Мы читали, как Лямшин, хихикая, острит:
«А я бы вместо рая взял бы этих девять десятых человечества, если уж некуда с ними деваться, и взорвал бы их на воздух».
Читали, как отвечал ему Шигалев:
«…и, может быть, это было бы самым лучшим решением задачи! Вы, конечно, и не знаете, какую глубокую вещь вам удалось сказать, господин веселый человек. Но так как ваша идея почти невыполнима, то и надо ограничиться земным раем, если уж так это назвали».
А в черновиках к «Бесам» Петр Верховенский говорил так: «Если бы возможно было половину перевешать, я бы очень был рад, остальное пойдет в материал и составит новый народ» (11; 148).
«Новый народ» – это же буквальная формула «красных кхмеров».

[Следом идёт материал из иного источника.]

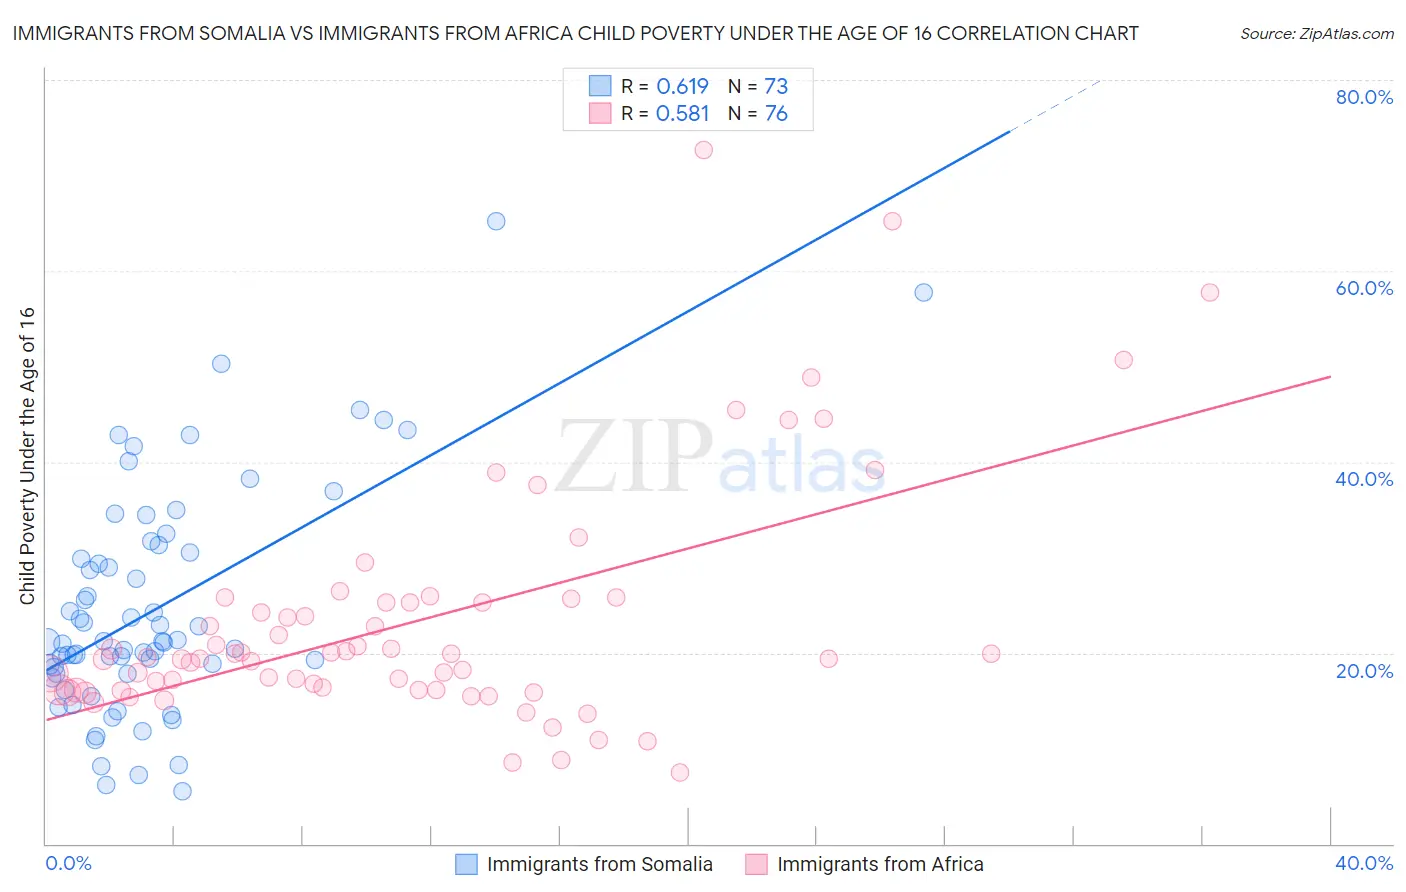 Immigrants from Somalia vs Immigrants from Africa Child Poverty Under the Age of 16

Еще (оттуда же): «Ничего нет лучше вот этакого первоначального образования. Самые восприимчивые люди выходят. Грамотностью только раздразнишь, раздражишь. На них-то и славно действовать! Матерьял!» (11; 265).

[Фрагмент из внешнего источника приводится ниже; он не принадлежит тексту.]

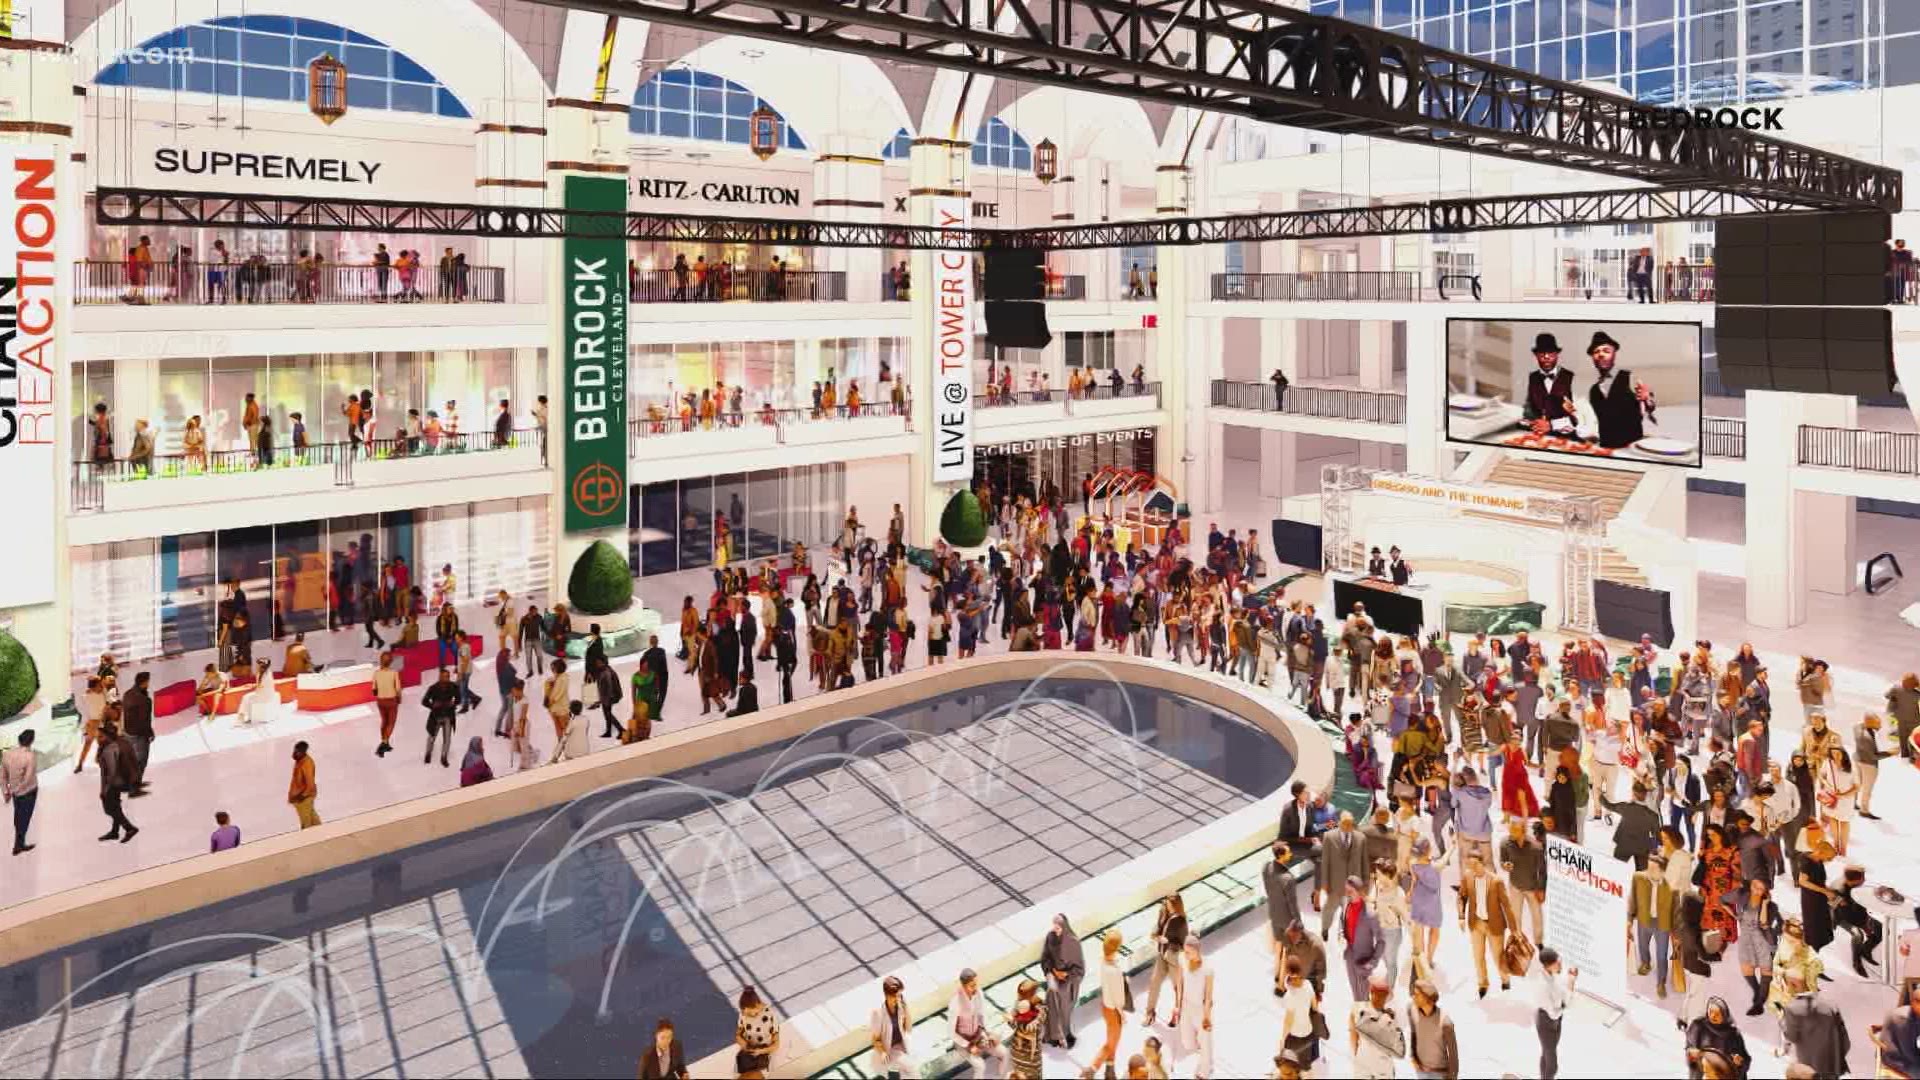 Tower City Center is getting a facelift. Bedrock, a real estate firm, revealed a first look at the upgrades coming soon to the iconic downtown Cleveland location.

«Все начнут истреблять друг друга, предания не уцелеют. Капиталы и состояния лопнут, и потом, с обезумевшим после года бунта населением, разом ввести республику, коммунизм в социализм. <…> Если же не согласятся – опять резать их будут, и тем лучше» (11; 278).
Сравни – Пол Пот: «Для строительства нового общества нам достаточно одного миллиона кампучийцев» (убить три из восьми – мало).
Сравни – Мао Пол Поту: «Товарищи, вы одержали блестящую победу. Один удар – и нет больше классов».
Вот что значит, как говорил Степан Трофимович, «Петруша – двигателем»…
17 апреля 1975 года (как раз на исходе третьей четверти великого XX века, как раз на исходе II тысячелетия нашей эры) «красные кхмеры» вошли в Пномпень. Был разгар лета, на солнце градусов сорок. Народ ликовал. Вдруг непонятный ледяной ужас охватил, сковал ликующих: лица «освободителей» были холодны, каменны, непроницаемы, преисполнены какой-то мрачной решимости. Дольше всех, конечно, ничего не могли понять дети: для них это был невиданный праздник, они забегали вперед колонн, стараясь вышагивать по-военному, бежали рядом, но их не замечали, а если они попадались под ноги, их, не замечая – молча, молча – откидывали, отпинывали, наступали на них. А они, не понимая ничего, застывали, замолкали, отползали. Их сменяли другие… Ужас стал еще более непонятным, когда вдруг через зловещие мегафоны послышалось: «Немедленно всем покинуть город! За невыполнение приказа – расстрел на месте. Немедленно всем покинуть город!..» Очевидец рассказывал мне, что от звука этого шел буквально мороз по коже: сам звук казался ледяным… И сотни тысяч людей, не успев почти ничего захватить с собой, были тут же согнаны в колонны, в стадо, и, под палящим солнцем, под охраной, потянулись по трем дорогам – в «трудовые коммуны», в «земной рай, если уж так это назвали». Стадо и стая. Осуществленный идеал Петруши. И происходило это, в сущности, на глазах у всего мира. Ведь теперь всё и всем становится известно почти сразу же, а тут и посольства еще не были выдворены (кто-то успел сфотографировать происходящее и даже заснять на кинопленку). Летали спутники и космические корабли. Где находились мы в те часы? что делали?.. По обочинам трех дорог валялись трупы убитых и умерших в пути. Город вымер. Ветер носил по улицам миллионы банкнот. Грабежей не было: вся «городская роскошь» (машины, телевизоры, холодильники, часы) была остервенело разбита…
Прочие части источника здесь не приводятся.